Cardiac Myosin-binding Protein C is a novel biomarker of myocardial ischaemia. Cardiac Troponins T & I have emerged as the gold standard necrosis biomarker for patients presenting with the chest pain and are incorporated into the universal definition of Acute Myocardial Infarction (AMI). A slow release profile means that Troponins reach peak concentrations many hours after symptom onset. The development of high-sensitivity Troponin assays has facilitated the routine detection of ever-smaller concentrations - to allow an earlier triage of patients with chest pain.

What’s the problem?

Nowadays, Troponin concentrations close to the Limit of Detection (LoD) are used as a tool for early rule-out of myocardial infarction. This is at odds with specificity, as chronic or subacute Troponin elevation is common - we frequently detect Troponin values above the LoD in patients with chronic obstructive pulmonary disease (COPD), renal dysfunction and - particularly common - congestive cardiac failure. This has prompted the European Society of Cardiology (ESC) to publish guidance incorporating a 3-tiered risk system for patients presenting with chest pain and no diagnostic ECG changes (bearing in mind this is only validated with onset of chest pain >3 hours ago). ESC 0 h/1 h rule-in and rule-out algorithm using high-sensitivity troponins

A recent audit at our institution has demonstrated that just over 50% of patients have a Troponin value which falls into the intermediate risk category - an observational ‘grey zone’ with no clear guidance attached. And even the best rule-out and rule-in algorithms rely on repeat measurements 1-3 hours following initial blood draws to optimise sensitivity and specificity, further prolonging hospital stays and psychological burden on patients.

Previous Work

We are actively evaluating cMyC as a novel biomarker of cardiac ischaemia - to improve rule-out ability and to reduce the size of the aforementioned grey zone, and have - thus far - published the following papers:

  1. Jacquet S, Yin X, Sicard P, Clark J, Kanaganayagam GS, Mayr M, et al. Identification of cardiac myosin-binding protein C as a candidate biomarker of myocardial infarction by proteomics analysis. Mol Cell Proteomics. American Society for Biochemistry and Molecular Biology; 2009 Dec;8(12):2687–99.

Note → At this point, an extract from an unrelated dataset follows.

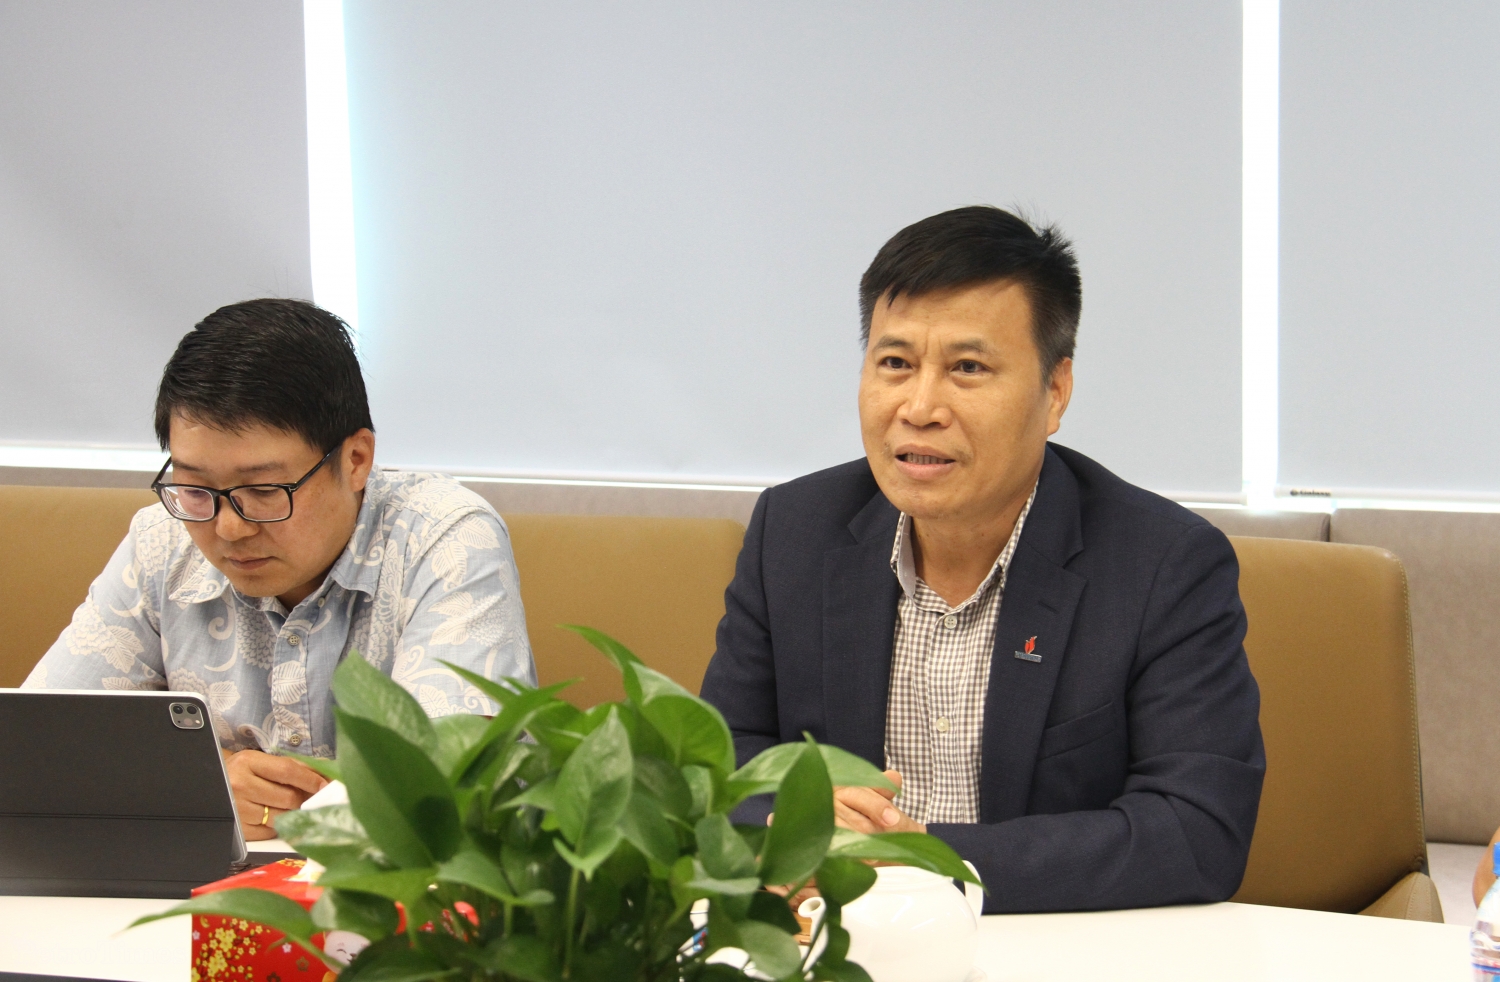 Hội Dầu khí Việt Nam và PVFCCo ký kết thoả thuận hợp tác

The discovery paper: cMyC was found in the coronary effluent after myocardial infarction of the isolated, buffer-perfused heart and increased markedly with even trivial infarction.

  1. Baker JO, Tyther R, Liebetrau C, Clark J, Howarth R, Patterson T, et al. Cardiac myosin-binding protein C: a potential early biomarker of myocardial injury. Basic Research in Cardiology. Springer Berlin Heidelberg; 2015 Apr 13;:1–14.

This is the manuscript using our in-house assay that shows cMyC rises faster than cardiac Troponin T after iatrogenic MI (in patients undergoing alcohol septal ablation) and falls faster after Coronary Artery Bypass surgery.

  1. Marjot J, Liebetrau C, Goodson RJ, Kaier T, Weber E, Heseltine P, et al. The development and application of a high-sensitivity immunoassay for cardiac myosin-binding protein C. Translational Research. Elsevier Inc; 2015 Dec 21;:1–14.

In this paper we establish the analytic performance of a sensitive assay for cMyC and then its application to ambulatory patients, comparing cMyC with hs-cTnT and hs-cTnI (invasive coronary angiograms showed no significant atherosclerosis). Here we demonstrate that the cMyC assay is very sensitive and cMyC concentration is closely related to hs-cTnT and hs-cTnI and seems perturbed by the same sorts of things (renal dysfunction, age, poor LV function).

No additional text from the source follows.